Calculate Words Similarity Using Wordnet in Java

This is my note of using WS4J calculate word similarity in Java.

Step 1: Download Jars

Download the following two jars and add them to your project library path.

jawjaw-1.0.2.jar - https://code.google.com/p/jawjaw/downloads/list
ws4j-1.0.1.jar - https://code.google.com/p/ws4j/downloads/list

Step 2: Play With the Demo Program

Code:

package NLP;
 
import edu.cmu.lti.lexical_db.ILexicalDatabase;
import edu.cmu.lti.lexical_db.NictWordNet;
import edu.cmu.lti.ws4j.RelatednessCalculator;
import edu.cmu.lti.ws4j.impl.HirstStOnge;
import edu.cmu.lti.ws4j.impl.JiangConrath;
import edu.cmu.lti.ws4j.impl.LeacockChodorow;
import edu.cmu.lti.ws4j.impl.Lesk;
import edu.cmu.lti.ws4j.impl.Lin;
import edu.cmu.lti.ws4j.impl.Path;
import edu.cmu.lti.ws4j.impl.Resnik;
import edu.cmu.lti.ws4j.impl.WuPalmer;
import edu.cmu.lti.ws4j.util.WS4JConfiguration;
 
public class SimilarityCalculationDemo {
 
	private static ILexicalDatabase db = new NictWordNet();
	/*
	//available options of metrics
	private static RelatednessCalculator[] rcs = { new HirstStOnge(db),
			new LeacockChodorow(db), new Lesk(db), new WuPalmer(db),
			new Resnik(db), new JiangConrath(db), new Lin(db), new Path(db) };
	*/
	private static double compute(String word1, String word2) {
		WS4JConfiguration.getInstance().setMFS(true);
		double s = new WuPalmer(db).calcRelatednessOfWords(word1, word2);
		return s;
	}
 
	public static void main(String[] args) {
		String[] words = {"add", "get", "filter", "remove", "check", "find", "collect", "create"};
 
		for(int i=0; i<words.length-1; i++){
			for(int j=i+1; j<words.length; j++){
				double distance = compute(words[i], words[j]);
				System.out.println(words[i] +" -  " +  words[j] + " = " + distance);
			}
		}
	}
}

Output:

add -  get = 0.3333333333333333
add -  filter = 0.4
add -  remove = 0.3157894736842105
add -  check = 0.2857142857142857
add -  find = 0.47619047619047616
add -  collect = 0.4
add -  create = 0.2857142857142857
get -  filter = 0.2857142857142857
get -  remove = 0.5
get -  check = 0.4
get -  find = 0.5
get -  collect = 0.5
get -  create = 0.5
filter -  remove = 0.2857142857142857
filter -  check = 0.25
filter -  find = 0.2857142857142857
filter -  collect = 0.21052631578947367
filter -  create = 0.2857142857142857
remove -  check = 0.4
remove -  find = 0.5
remove -  collect = 0.3157894736842105
remove -  create = 0.5
check -  find = 0.4
check -  collect = 0.2857142857142857
check -  create = 0.4
find -  collect = 0.38095238095238093
find -  create = 0.5
collect -  create = 0.2857142857142857
Category >> Natural Language Processing  
If you want someone to read your code, please put the code inside <pre><code> and </code></pre> tags.
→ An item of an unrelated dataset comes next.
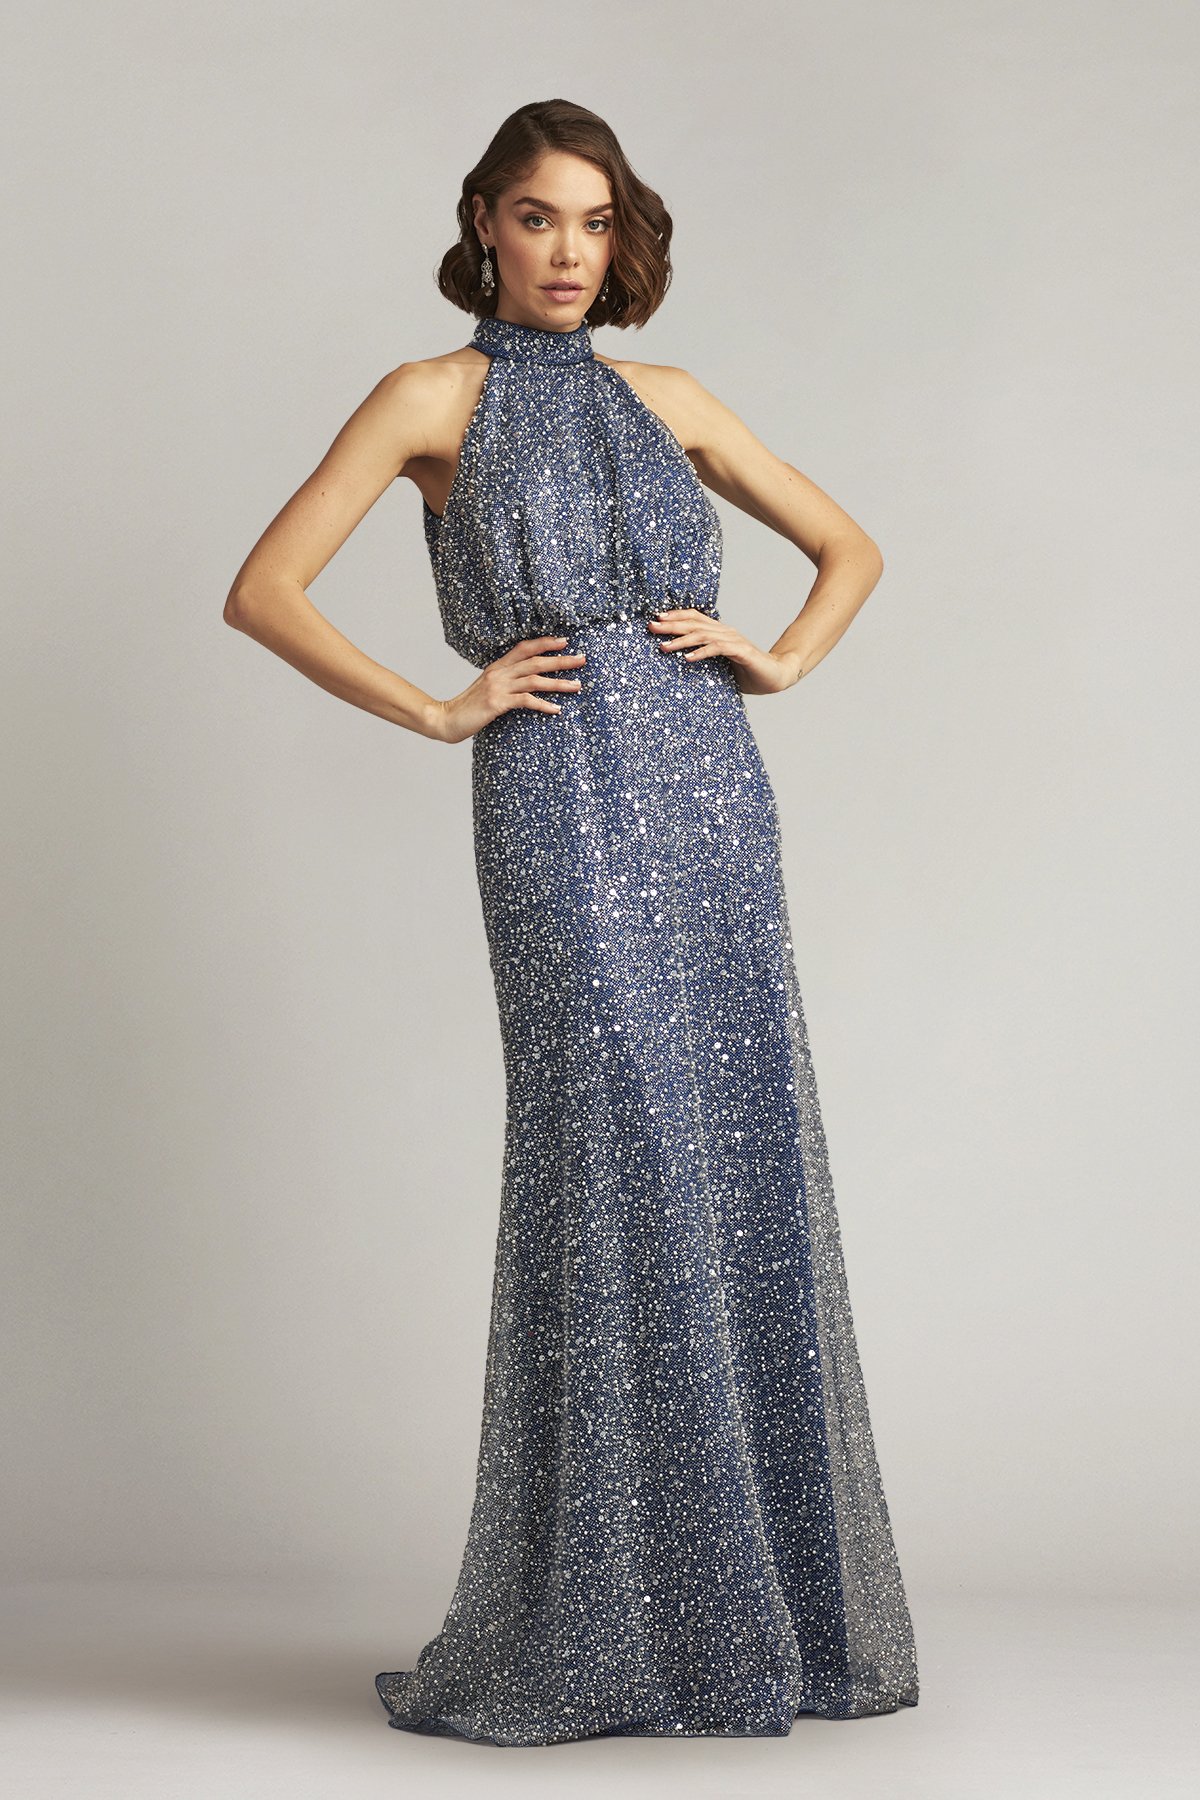 Embellished Halter Dress | ShopStyle

For example:
<pre><code> 
String foo = "bar";
</code></pre>
  • Cyrine Maazouli

    when i run this code
    i obtien this Caused by: java.lang.RuntimeException: Uncompilable source code – package edu.cmu.lti.lexical_db does not exist .
    help plz !

  • Younes MEZAOUR

    When I excute the program I obtien this : (i think the problem is that the “calcRelatednessOfWords(word1, word2)” dont work please help me it’s very urgent :'()

    java.lang.ClassNotFoundException: org.sqlite.JDBC

    at java.net.URLClassLoader$1.run(URLClassLoader.java:372)
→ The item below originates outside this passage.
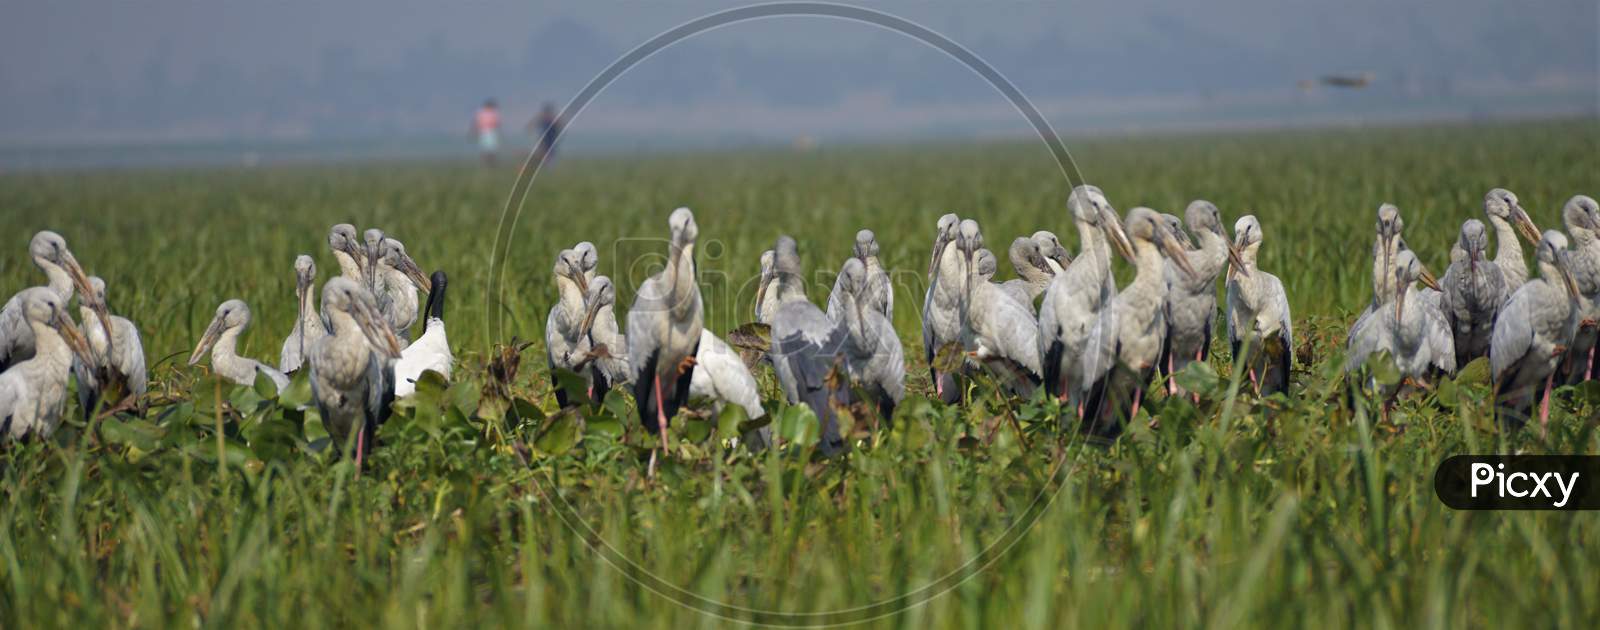 A flock of Asian openbill stork

    at java.net.URLClassLoader$1.run(URLClassLoader.java:361)

    at java.security.AccessController.doPrivileged(Native Method)

    at java.net.URLClassLoader.findClass(URLClassLoader.java:360)

    at java.lang.ClassLoader.loadClass(ClassLoader.java:424)

    at sun.misc.Launcher$AppClassLoader.loadClass(Launcher.java:308)

    at java.lang.ClassLoader.loadClass(ClassLoader.java:357)

    at java.lang.Class.forName0(Native Method)

    at java.lang.Class.forName(Class.java:259)

    at edu.cmu.lti.jawjaw.db.SQL.createSQLConnection(SQL.java:77)

    at edu.cmu.lti.jawjaw.db.SQL.(SQL.java:55)

    at edu.cmu.lti.jawjaw.db.SQL.(SQL.java:45)

    at edu.cmu.lti.jawjaw.db.WordDAO.findWordsByLemmaAndPos(WordDAO.java:124)

    at edu.cmu.lti.jawjaw.util.WordNetUtil.wordToSynsets(WordNetUtil.java:38)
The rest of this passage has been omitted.